[Records from a data source]
※ ※ ※

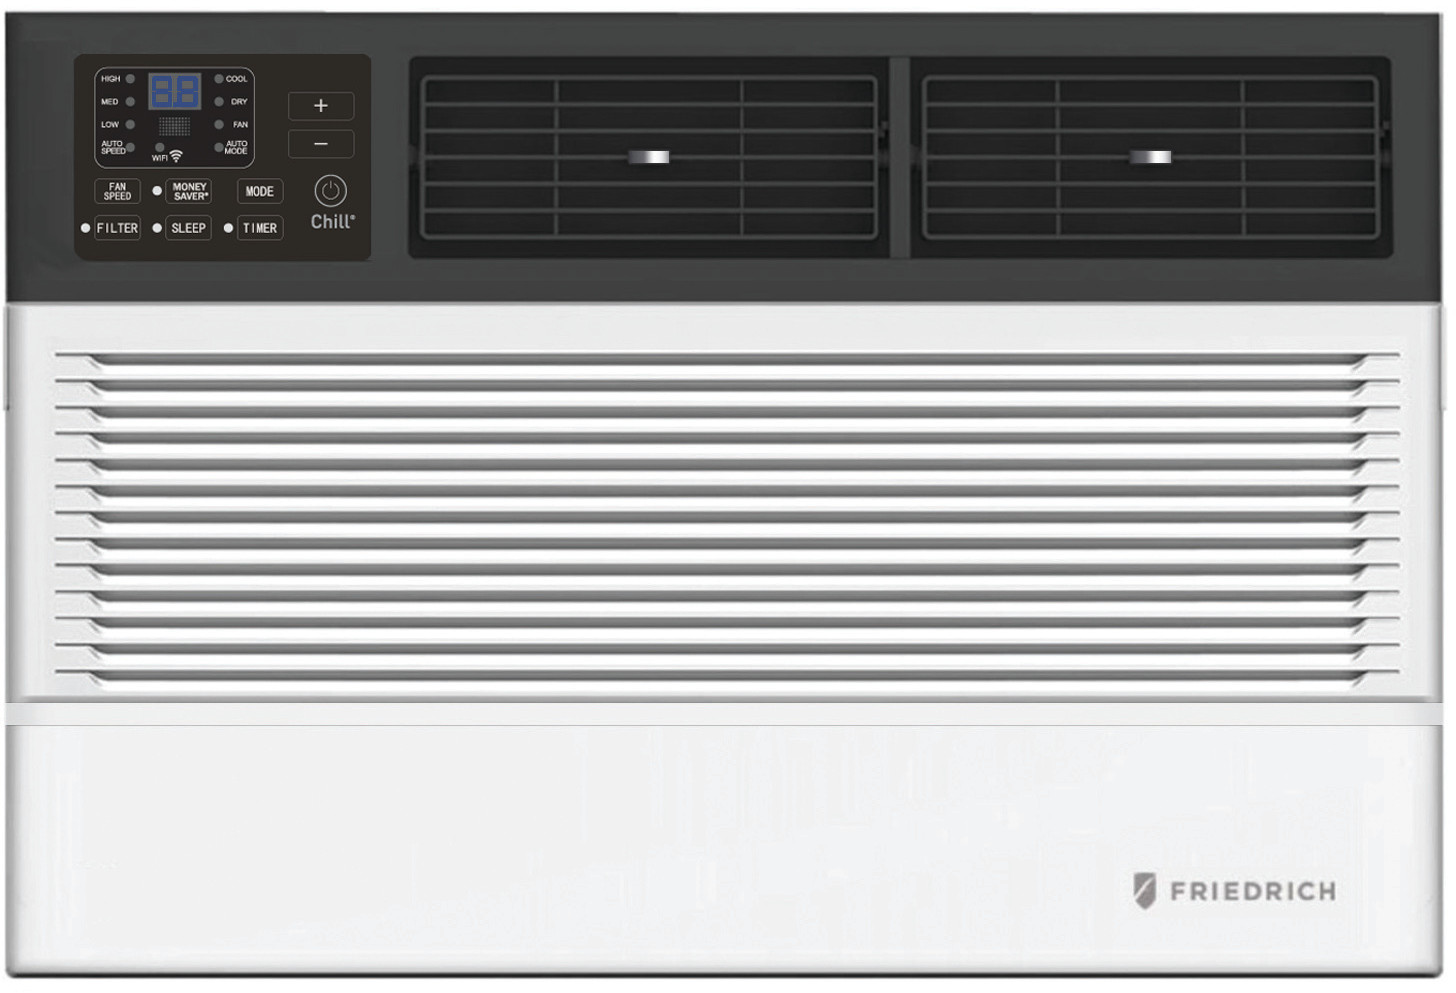 Friedrich Chill Premier 12,000 BTU Window Air Conditioner CCF12A10A
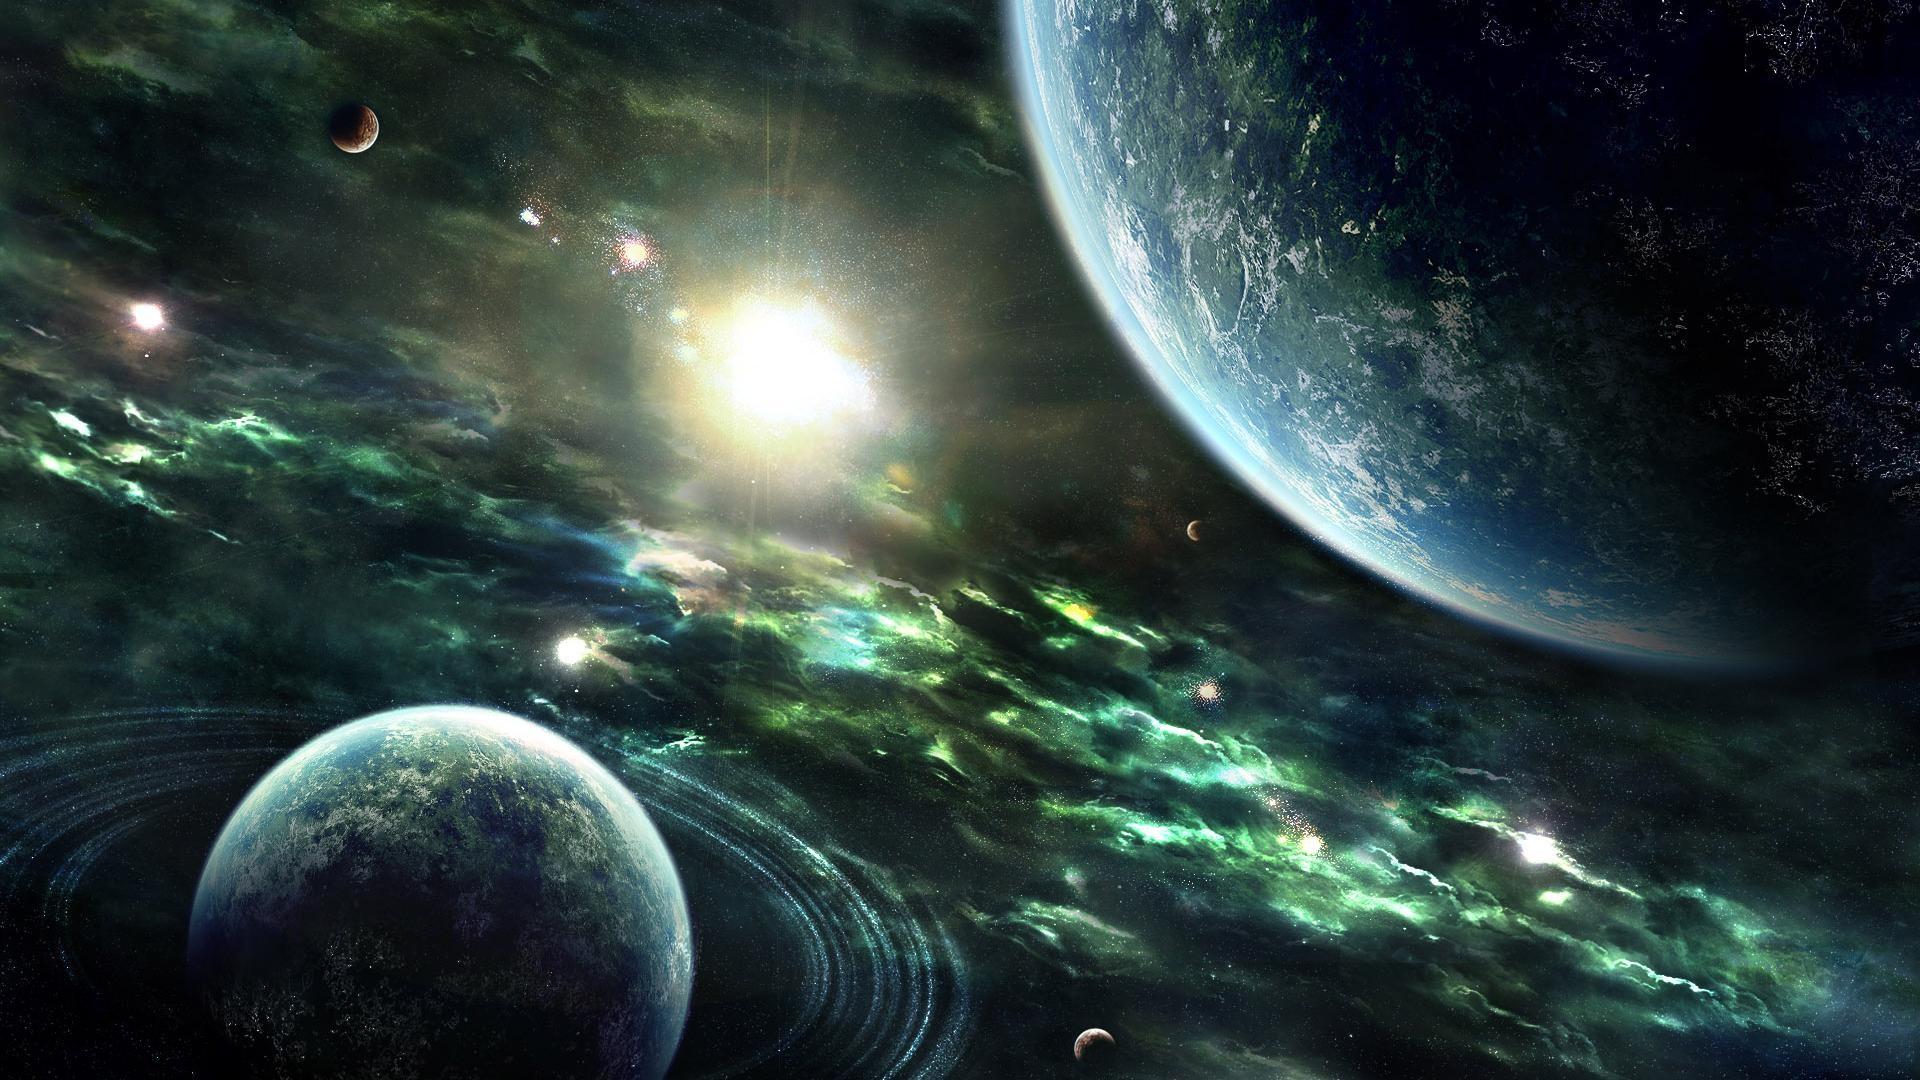 Space Wallpaper HD Widescreen
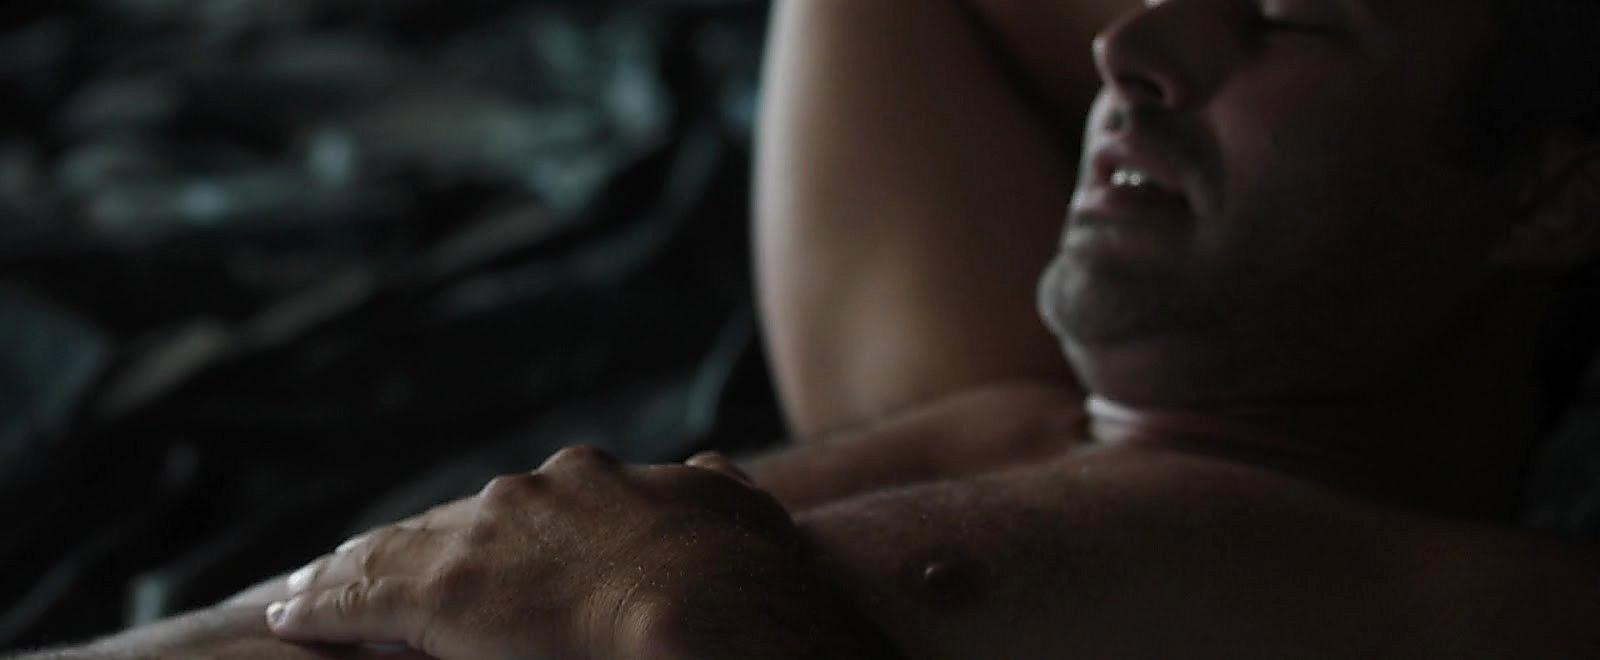 Taylor Kinney sexy shirtless scene November 10, 2018, 6am
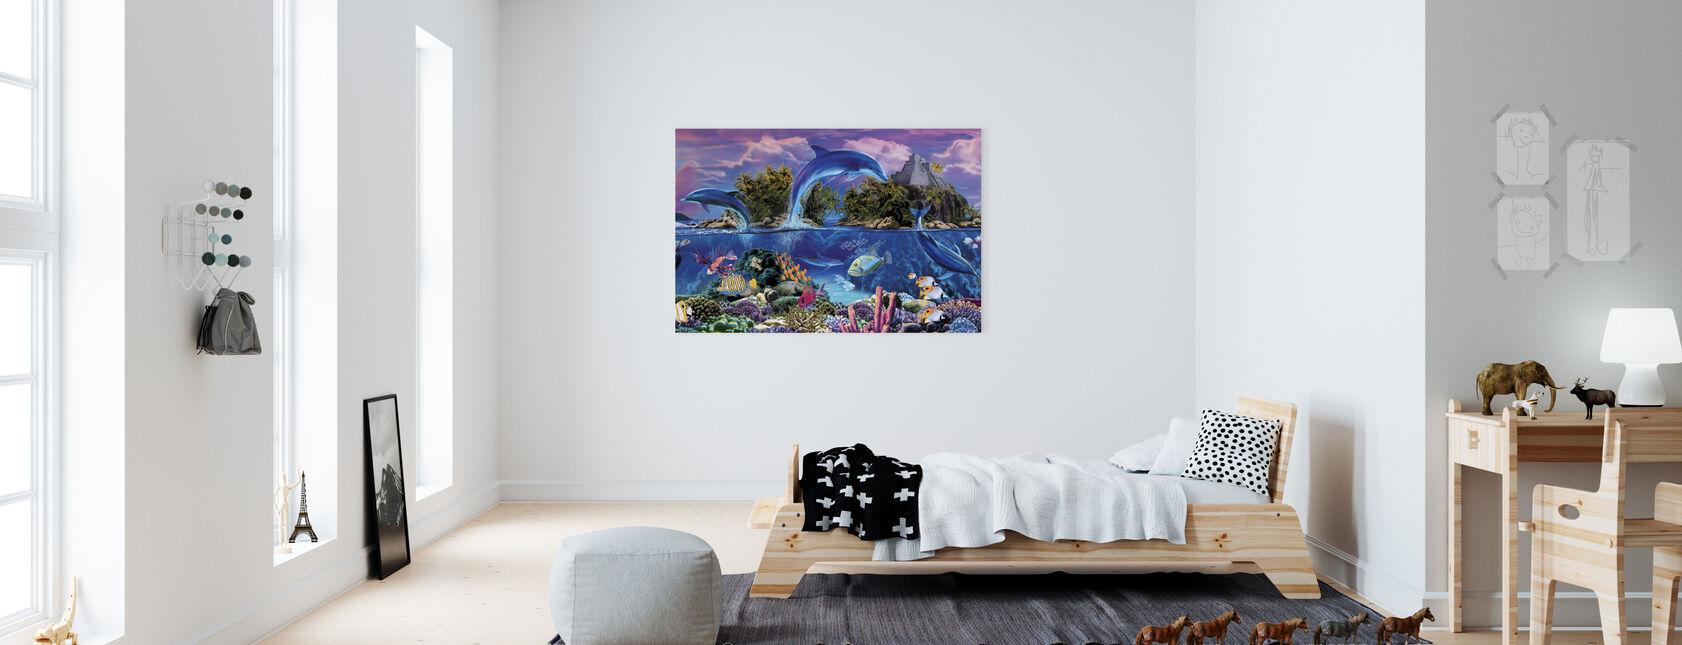 Meren Panorama - Canvastaulu - Lastenhuone
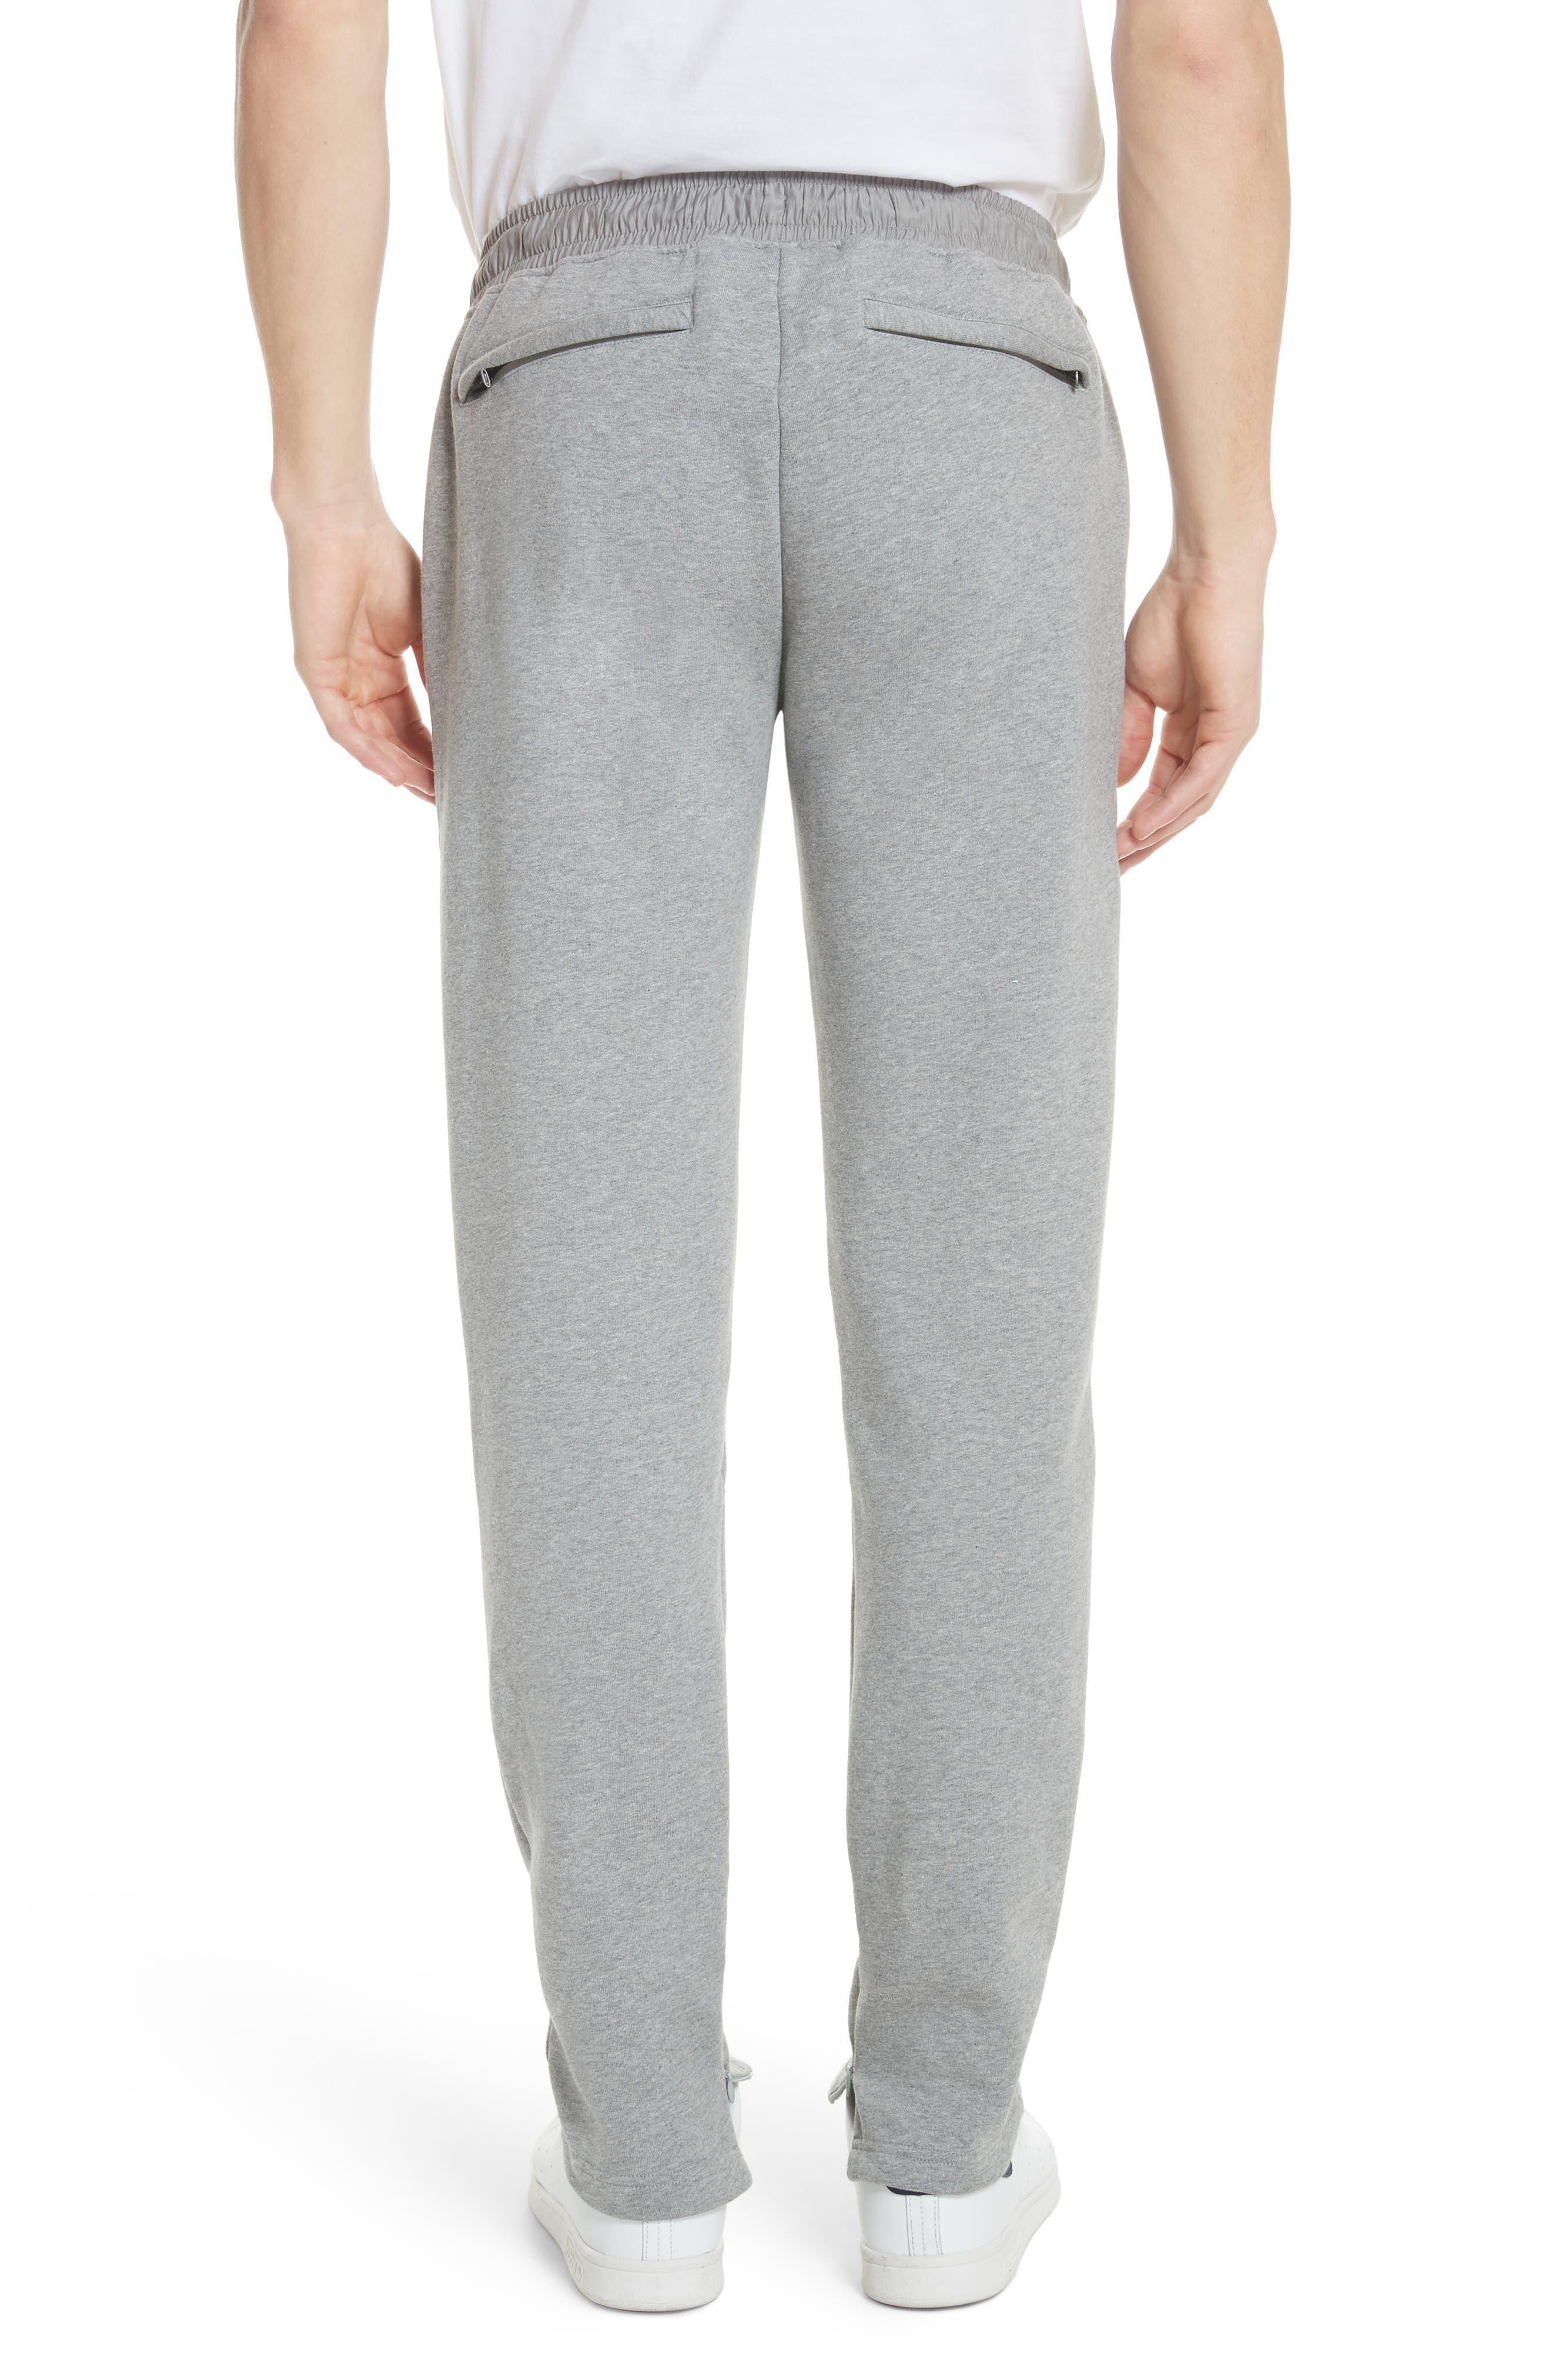 Nickford Lounge Pants,                             Alternate thumbnail 2, color,                             Pale Grey Melange

※ ※ ※

## ASSIGNMENT
Set down every line of the entries above again, exactly as written, but not the pictures.

## RESULT BELOW
 Friedrich Chill Premier 12,000 BTU Window Air Conditioner CCF12A10A
 Space Wallpaper HD Widescreen
 Taylor Kinney sexy shirtless scene November 10, 2018, 6am
 Meren Panorama - Canvastaulu - Lastenhuone
 Nickford Lounge Pants,                             Alternate thumbnail 2, color,                             Pale Grey Melange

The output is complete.